The contest will be highlighted throughout March, which is Severe Weather Preparedness Month in Illinois.

“2011 was one of the worst years for tornado deaths in the U.S. in the past 60 years,” said IEMA Director Jonathon Monken. “Fortunately, Illinois didn’t experience these terrible storms, but we never know when or where the next deadly storm could strike. Weather alert radios are a key tool for alerting people to approaching danger, day or night, and every home should have one.”

The contest is available on the Ready Illinois website (www.Ready.Illinois.gov), the IESMA website (www.iesma.org) and on many county and municipal emergency management agency websites. A total of 100 weather alert radios will be awarded to participants who register after reading information about the radios and successfully completing a five-question quiz. The contest runs from Feb. 28 through March 31. Winners will be announced in April.

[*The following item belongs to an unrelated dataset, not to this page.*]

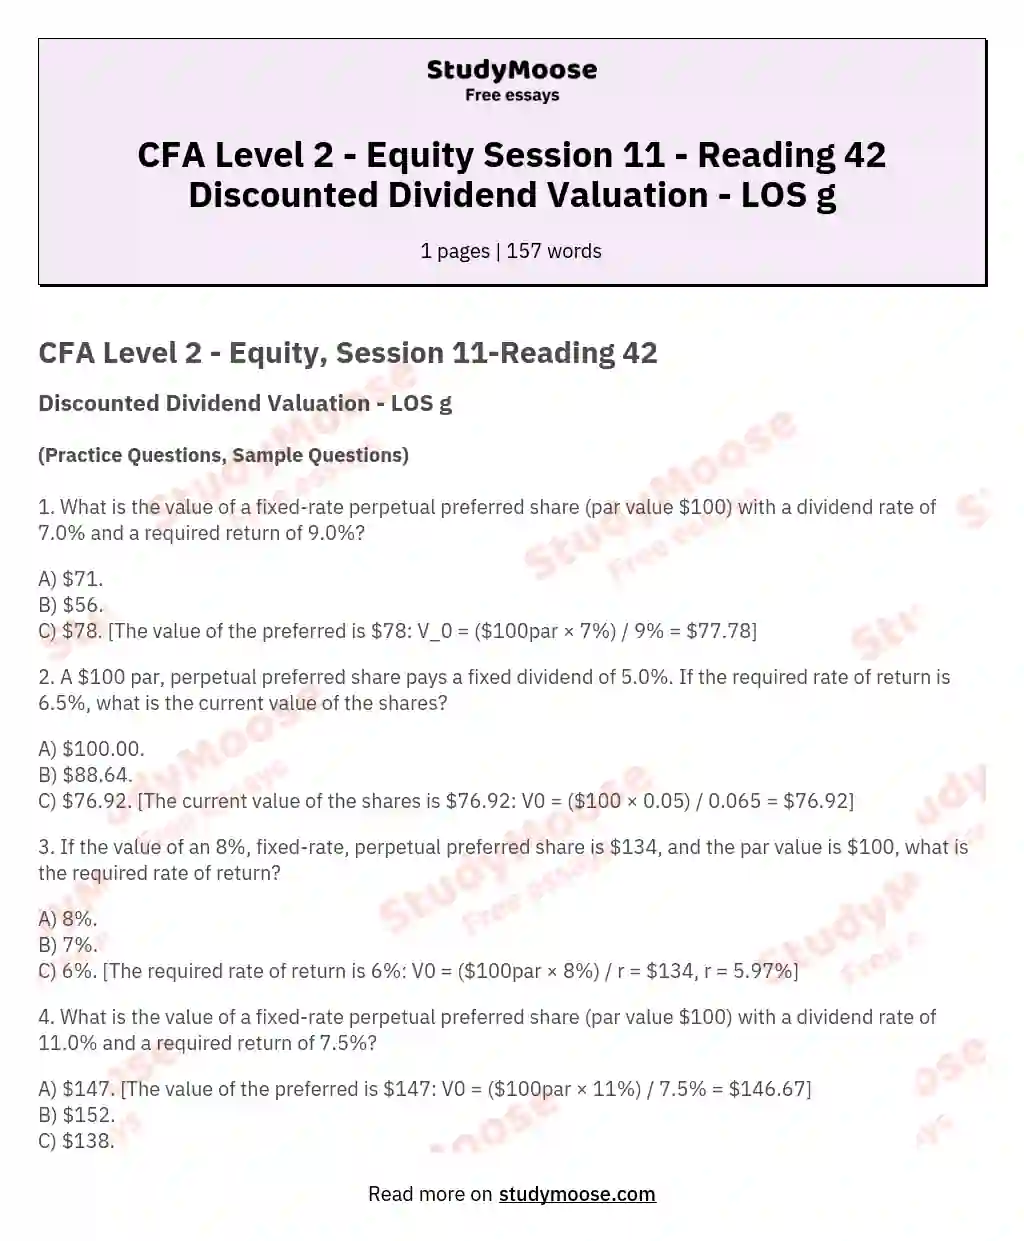 CFA Level 2 - Equity Session 11 - Reading 42 Discounted Dividend Valuation - LOS g essay

“Through this contest, we hope to make people in Illinois more aware of the importance of weather alert radios as part of their personal preparedness kit,” said IESMA President Chuck Genesio. “Much like a smoke alarm or carbon monoxide detector alerts people to those dangers, weather alert radios warn people of hazards outside the home so they have time to seek shelter or take other actions to stay safe.”

IESMA purchased the weather alert radios in 2010 and 2011 as part of a program to increase emergency preparedness in local schools, hospitals, nursing homes, extended care facilities and government buildings throughout Illinois. Nearly 7,300 weather alert radios were distributed for placement in these facilities through the program, which was funded with $172,420 in federal homeland security grant funds allocated by the Illinois Terrorism Task Force. The 100 radios distributed as part of the “Weather Alert Radios Save Lives” contest will help Illinois residents better prepare for emergencies.

The National Weather Service (NWS) and state and local emergency management officials strongly encourage people to have a National Oceanic and Atmospheric Administration (NOAA) Weather Radio All Hazards with battery backup, a tone-alert feature and Specific Area Message Encoding (SAME) technology, which allows the radio to be programmed to receive alerts for specified counties. When an alert is issued for that area, the device will sound a warning alarm tone followed by the broadcast message.

Besides weather information, the NWS also broadcasts warnings and post-event information for all types of hazards, including natural, environmental and public safety hazards, such as earthquakes, chemical spills and AMBER alerts.

“Tornadoes do not just occur during the day,” said Chris Miller, warning coordination meteorologist with the National Weather Service in Lincoln. “In Illinois, 30% of all tornadoes occur at night when it can be difficult to hear outdoor warning sirens from inside your home, especially if you are asleep. The best way to be warned about tornadoes at night is to have a weather alert radio in your home. It is like having your own personal storm siren.”

IEMA and the NWS developed a Severe Weather Preparedness Guide, which provides information about tornadoes, severe storms, lightning and flooding and recommended actions to take before, during and after each of these weather events. The guide also includes definitions of important weather terms, including watches, warnings and advisories and a list of items needed for a family emergency supply kit. The guide is available on the Ready Illinois website at www.Ready.Illinois.gov or by calling (217) 785-9925.

Lots of useful info for Illinois residents. And the contest sounds cool- I’ll have to check it out.